I looked at him. That big goofy face. Grinning. I didn’t see why not. He just might be able to help with the legwork. Watson to my Holmes. He was a peeler, after all, my best friend, and I didn’t want to go alone.

* * *

Blue meets blue at the curve of the Atlantic Ocean and the sky. America looming. An hour away. But I’m not here, I’m somewhere on the other side of the world.

The peaks, high valleys of the western Himalaya. The highest mountains on Earth. Formed fifty million years ago when India crashed into the continent of Asia and pushed them up.

I close my eyes and I can see them. Glaciers in Kashmir. Tarn lakes in Ladakh. Snow over the opium fields of the Hindu Kush.

I am crawling in my airplane seat. My body is craving heroin.

A village. Cooking fires. A weather-beaten old man down among his crop. He lovingly removes his penknife and scores the bud of the opium plant. The flower’s botanical name is
Papaver somniferum
. The Sumerians and ancient peoples of the Indus valley called it Hul Gil, the “flower of joy.” When the Aryans came to India, they discovered that the flower allowed you to see Brahma, the creator of the Universe.

Only a few weeks ago, red and yellow petals bloomed at the tips of tubular green stems. The old man is content. The petals have fallen away, but the plants have survived the snow. The egg-shaped seed pod is unharmed. Under the penknife an opaque, milky sap oozes out. This is the opium in its crudest form.
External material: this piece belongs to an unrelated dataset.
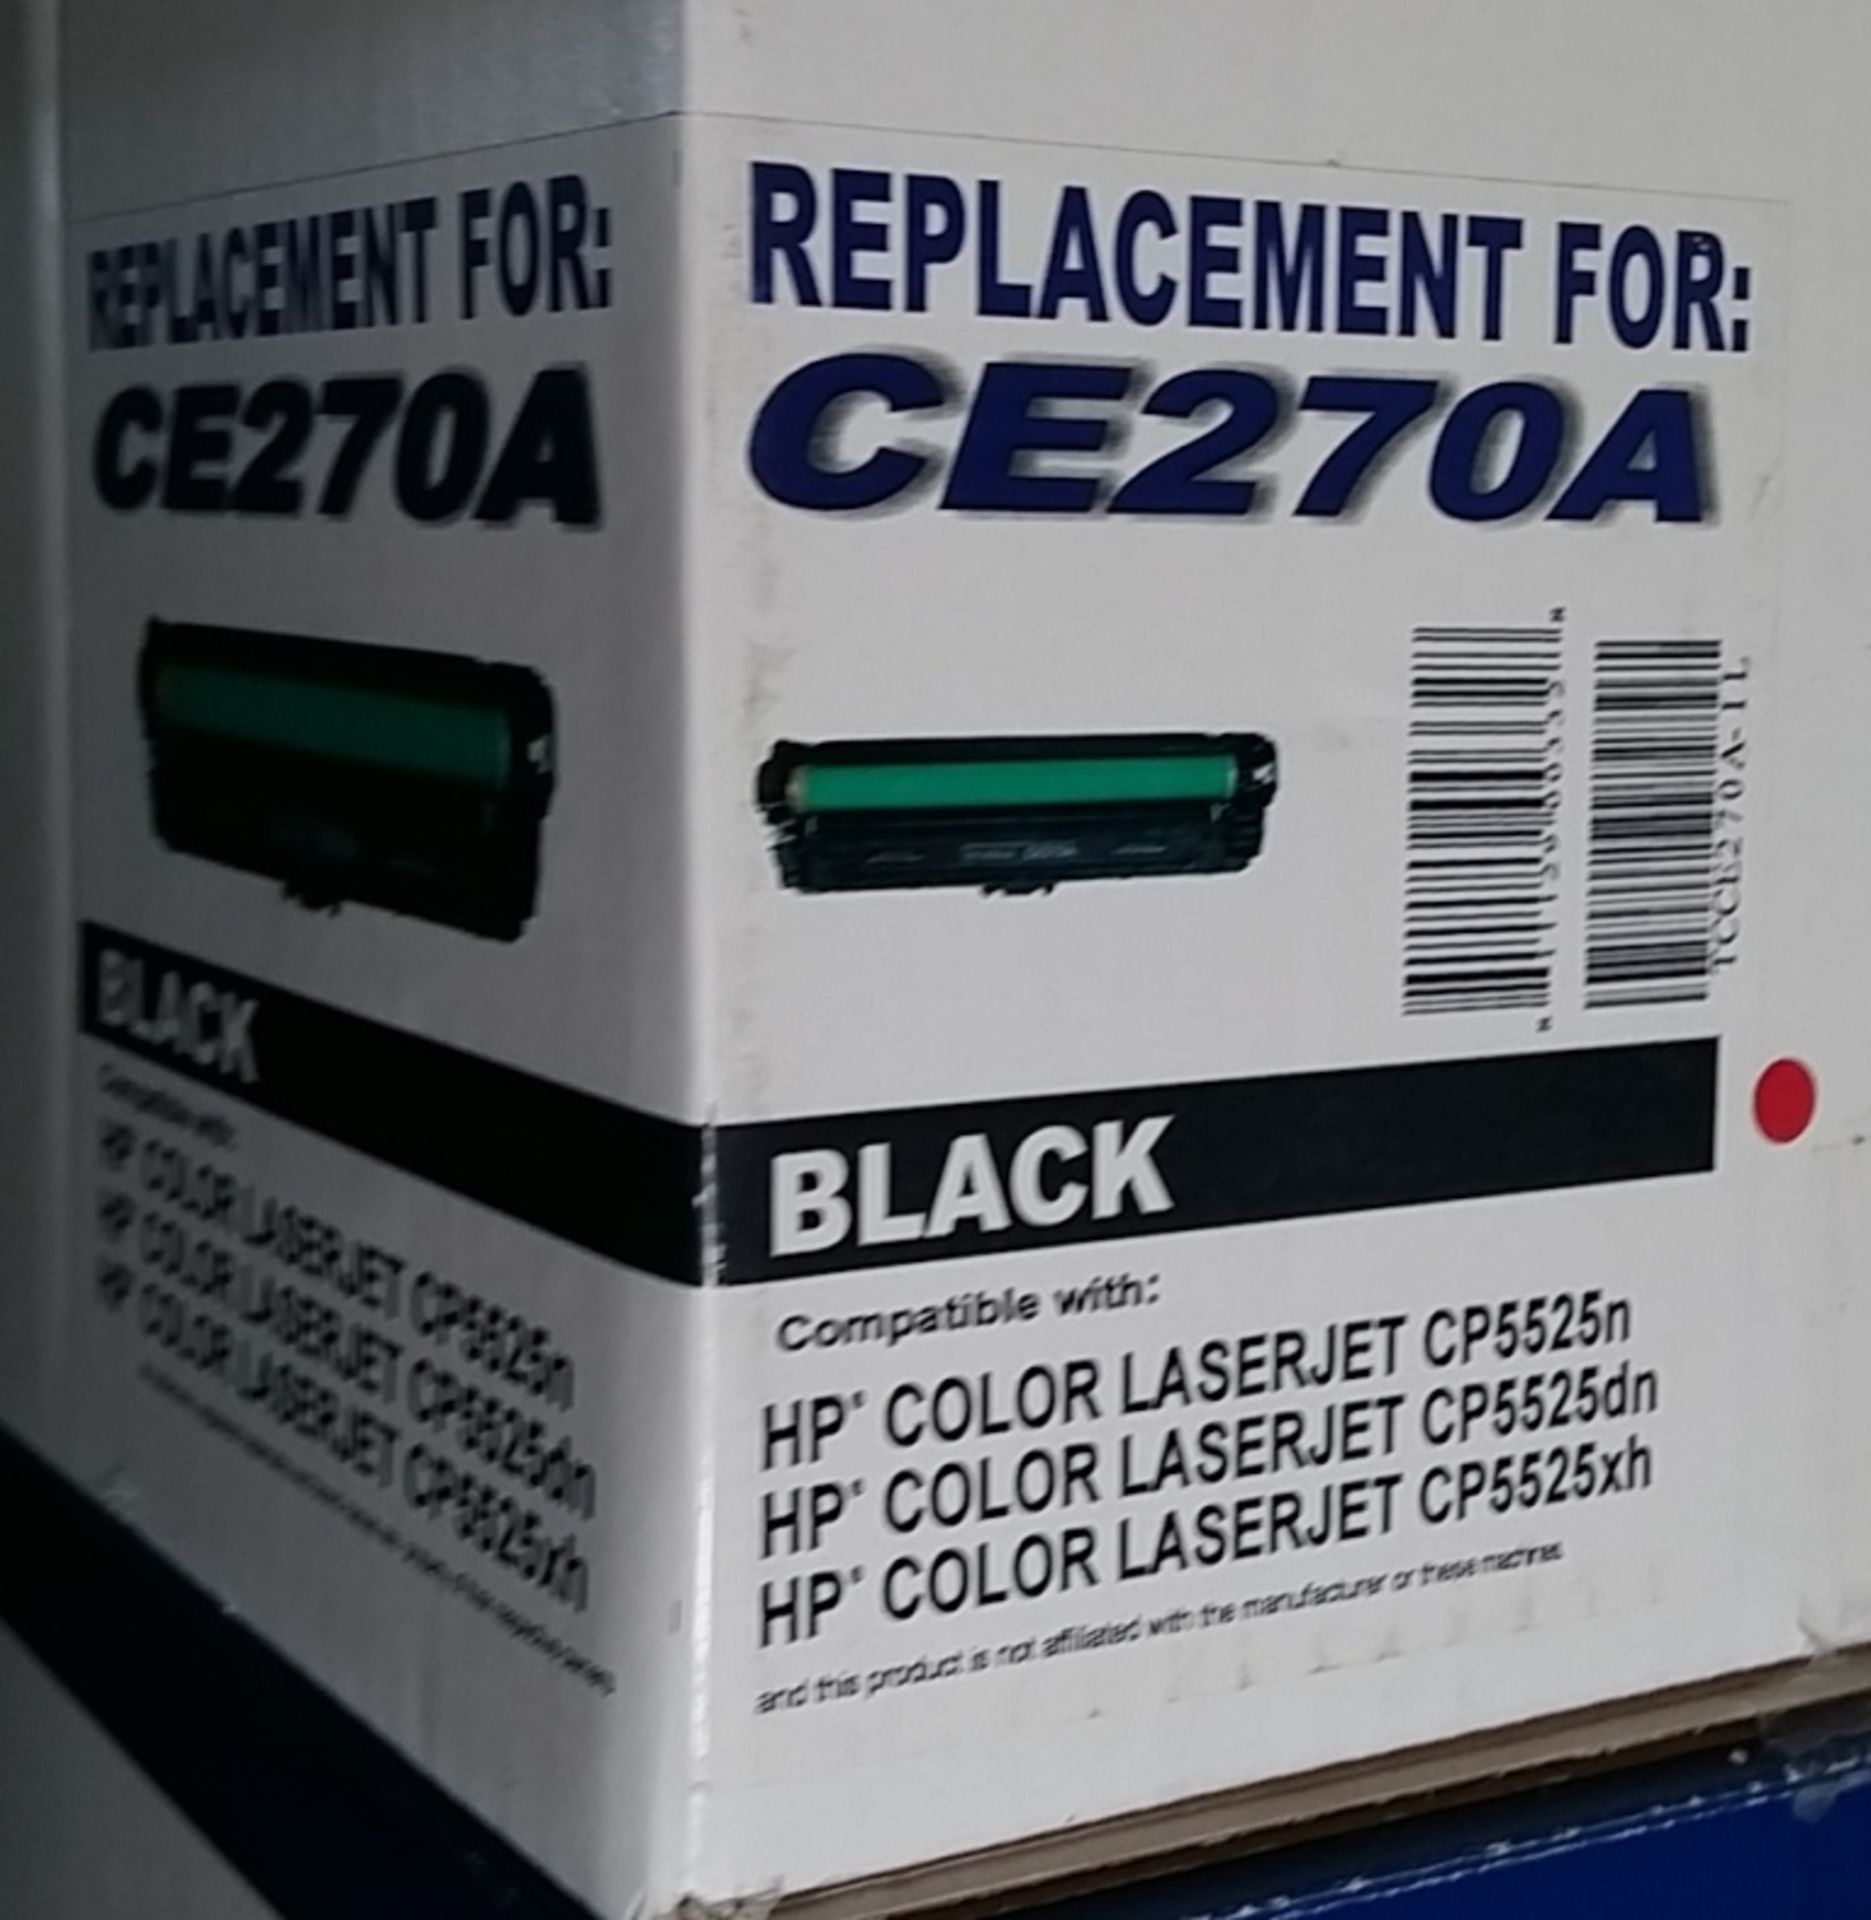 2x Replacement printer cartridges - black - CE270A - Image 2 of 3

He calls his sons. The sap is extracted by slitting the pods vertically. On exposure to the high mountain air the sap turns darker and thicker, becoming a brownish-black gum. The family collects the gum, laughing, making a real harvest of it, the older boys molding it into bricks or cakes and wrapping them in plastic bags.

The big money isn’t in opium, but even so, the villagers are content to sell their crop to experts who will know what to do next. On a bright January day, a mule train shows up and takes the village supply of opium over the Afghan border and into Pakistan. The opium refinery is a rickety factory in a residential neighborhood of Lahore. The opium is mixed with lime in boiling water. The morphine is skimmed off the top, reheated with ammonia, boiled and filtered again. The brown morphine paste is heated with acetic anhydride for six or seven hours at 85 degrees centigrade. Water and chloroform are added to precipitate impurities. The solution is drained and sodium carbonate added to solidify the heroin. The heroin is filtered through charcoal and alcohol. Purification in the fourth stage, involving ether and hydrochloric acid, is notoriously risky and can blow up the lab. But assuming everyone survives, it is filtered again and stamped ready for shipping. The final fluffy white powder is known to everyone as number four. It has taken ten kilos of opium to make one kilo of heroin, but it’s worth it. One kilo of number four costs about a hundred thousand dollars.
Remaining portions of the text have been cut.